# 1 Peter 3:19



## Herald (Jan 30, 2007)

[bible]1 Peter 3:19-20[/bible]

I would like to hear explanations as to the interpretation of this verse.

Thanks.


----------



## DTK (Jan 30, 2007)

BaptistInCrisis said:


> [bible]1 Peter 3:19-20[/bible]
> 
> I would like to hear explanations as to the interpretation of this verse.
> 
> Thanks.


As I recall, the standard Puritan hermeneutic, and which I regard as doctrinally sound, is that Christ preached to the spirits of these men through Noah and in Noah's day. The text does not indicate that the message received by them was "while" or "when" they were in prison, but simply underscores that these "spirits" so incarcerated at the present heard the message of Christ when they were alive in the days of Noah. Compare what Peter goes on to affirm in the next chapter, 1 Peter 4:6 _For this reason the gospel was preached also to those who are dead, that they might be judged according to men in the flesh, but live according to God in the spirit._ 1 Peter 3:20 speaks of them as "formerly disobedient," i.e. when they were alive they were disobedient to the message which was proclaimed to them.

I stand to be corrected by the historical reformed hermeneutic if I've misrepresented it.

DTK


----------



## MW (Jan 30, 2007)

I would concur that is the standard Reformed understanding.

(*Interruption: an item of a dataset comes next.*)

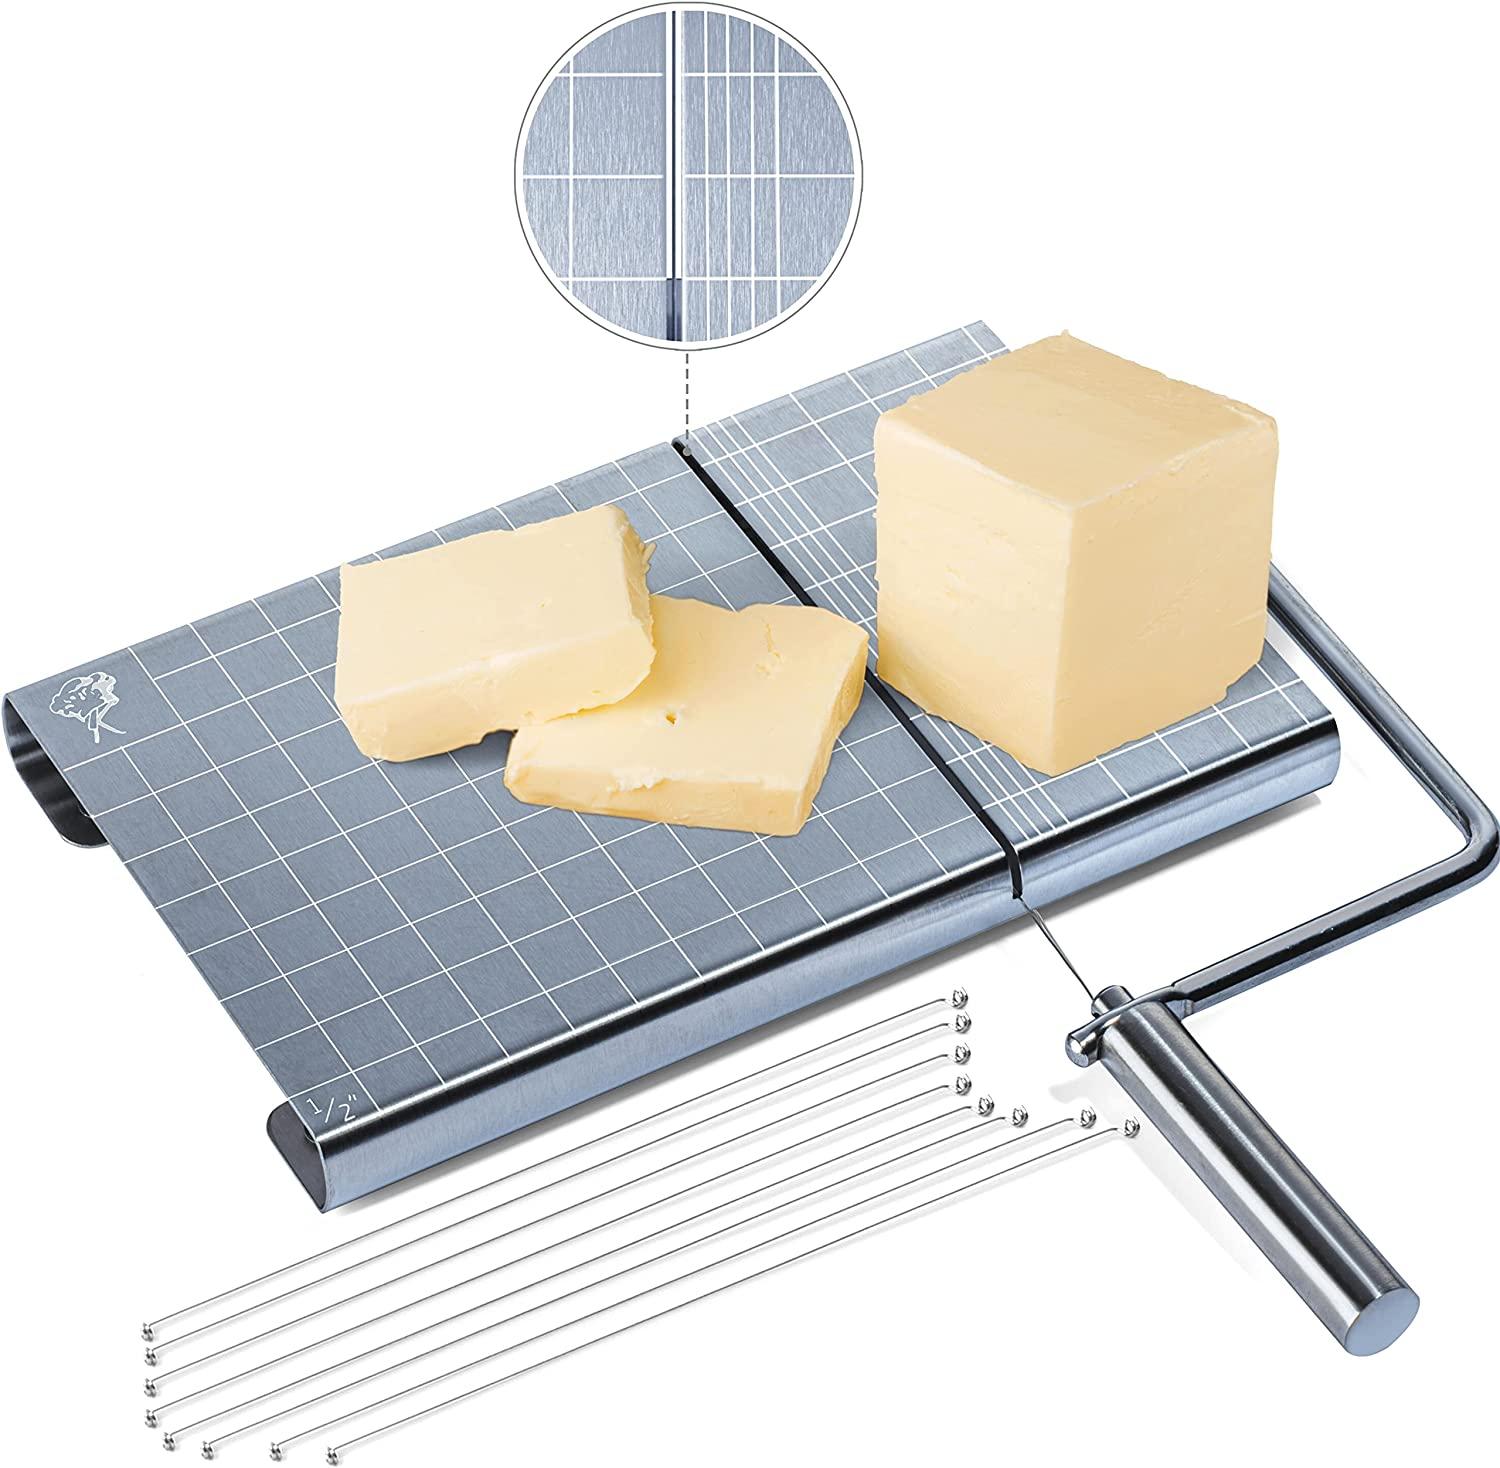 Cheese Slicers With Wire - Cheese Slicers For Block Cheese with Accurate  Size Scale On Cheese Slicer Board For Prices Cuts - Incl. 8 Extra Wires -  Ideal Cheese Cutter with Wire For Charcuterie Boards

Where does the translation derive "because" from? It seems to me to convey the idea that the preaching of verse 19 was due to the disobedience in verse 20.


----------



## DTK (Jan 30, 2007)

armourbearer said:


> Where does the translation derive "because" from? It seems to me to convey the idea that the preaching of verse 19 was due to the disobedience in verse 20.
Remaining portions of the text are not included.